Proje o noktada tek kelime ile “kargaşa” idi. Müşteri tarafında muhatap olduğum üst düzey yöneticilerin, benim ve ekibimin temin etmemizin mümkün olmadığı (ve yapılan sözleşmede de yer almayan) birçok farklı beklentisi bulunuyordu. Duygu olarak da ya son derece kızgın, ya hayal kırıklığına uğramış ya da beklentilerini karşılayamayacağımızı kabullenmiş bir gruptu. Bu noktaya nasıl gelindiğini zamanla analiz edip anlayabildim.
Özetle; projeyi kazanmak için müşteriye yapılan sunumda vadedilen Rolls Royce’tu. Ancak proje başladıktan sonra müşteri için yapılan ve sunulan, ondan çok daha düşük model başka bir arabaydı. Bunun sebebi de sunum sırasında çizilen tablo için çıkan fiyatta, daha sonra kapalı kapılar ardından daha az kişinin yer aldığı müzakerelerde indirime gidilmesi ama bunun iletişiminin doğru yapılamaması yatıyordu. Karşılamamızın mümkün olmadığı taleplerin ardı arkası kesilmeden, yüksek bir tansiyon eşliğinde bize gelmesinin sebebi de bu yöneticilerin ilk sunumda büyük vaatleri görmeleri ama daha sonra imzalanan sözleşmeye hiçbir zaman göz atmayıp işin çapının ne denli ufaltıldığından haberdar olmamalarıydı.

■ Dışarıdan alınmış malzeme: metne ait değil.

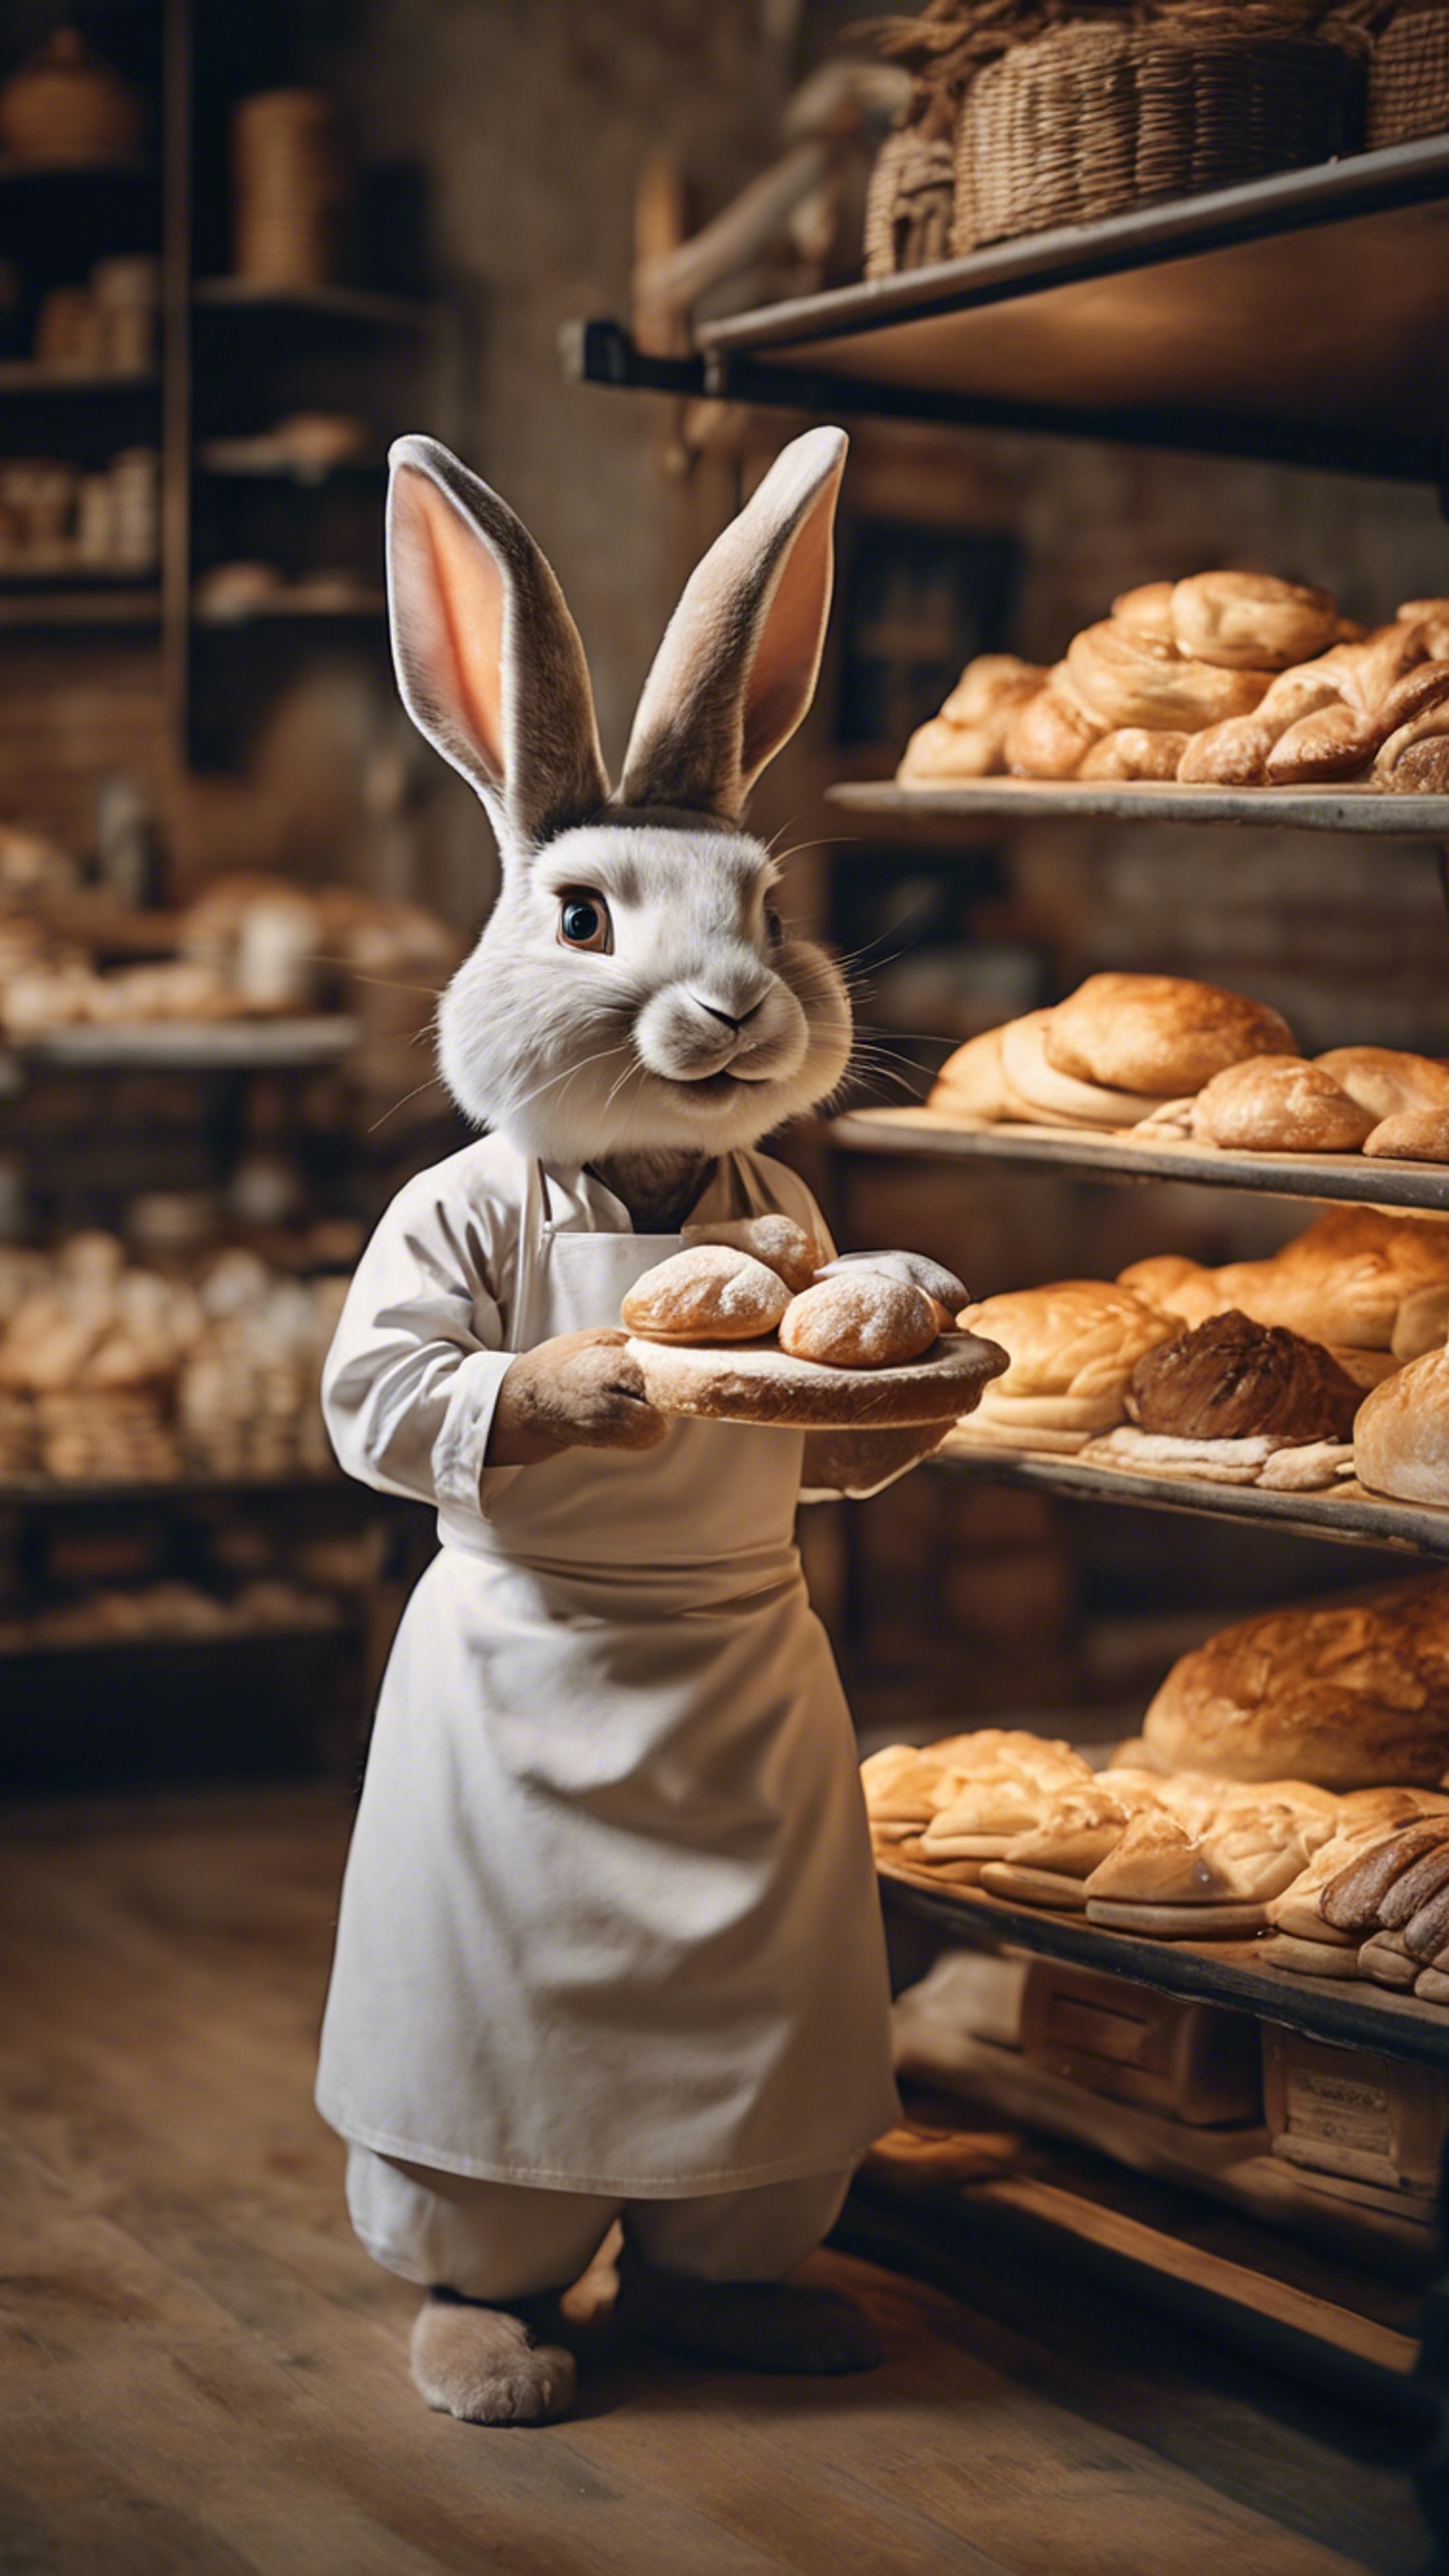 A rabbit baker displaying freshly-baked goods in a charming bakery. Papel de parede[908b61b6762c4c248f7e]
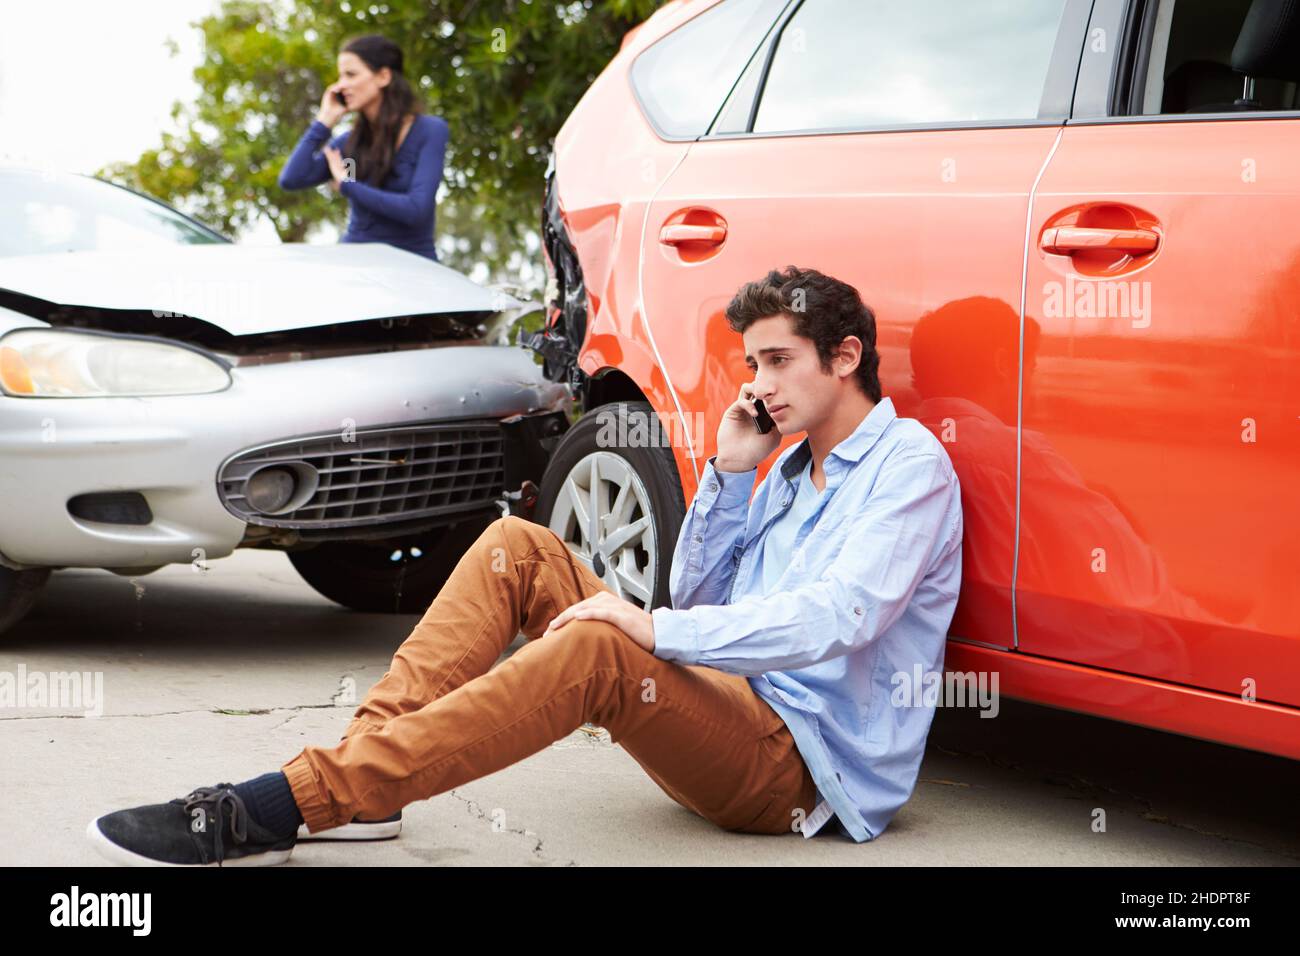 on the phone, accident, rear end collision, on the phones, accidents, rear end collisions Stock Photo

Diğer kritik başarı unsurları arasında, müşteri tarafında bu projeye zamanının büyük kısmını harcayacak liderlerin yönetim danışmanlarına destek olması, kendi kurumlarının önlerine çıkardığı engellerin kaldırılmasında hızlıca onlara yardımcı olmaları ve etkin bir proje yönetim yöntemi ile süreç içinde karşılaşılan riskler, sorunlar ve bunların nasıl çözümleneceğinin takibinin yapılması sayılabilir.
Özellikle büyük çaplı dönüşümlerde gözlemlediğimiz bir diğer önemli nokta da, çeşitli ekiplerin (bazen kendi içlerinde dahi) silolaşarak, aktivitelerin adeta at gözlükleri ile yapılması eğilimidir. Proje yönetiminin ve ekip liderlerinin proaktif bir bilinçle bunun önüne geçilecek bir çalışma sistematiğini geliştirmesi önemlidir. Yani gerekli noktalarda uyum ve işbirliği içinde bulunmaya yönlendirecek bir iş ritmi sağlanması ve buna uygun bir yapı kurulması şarttır.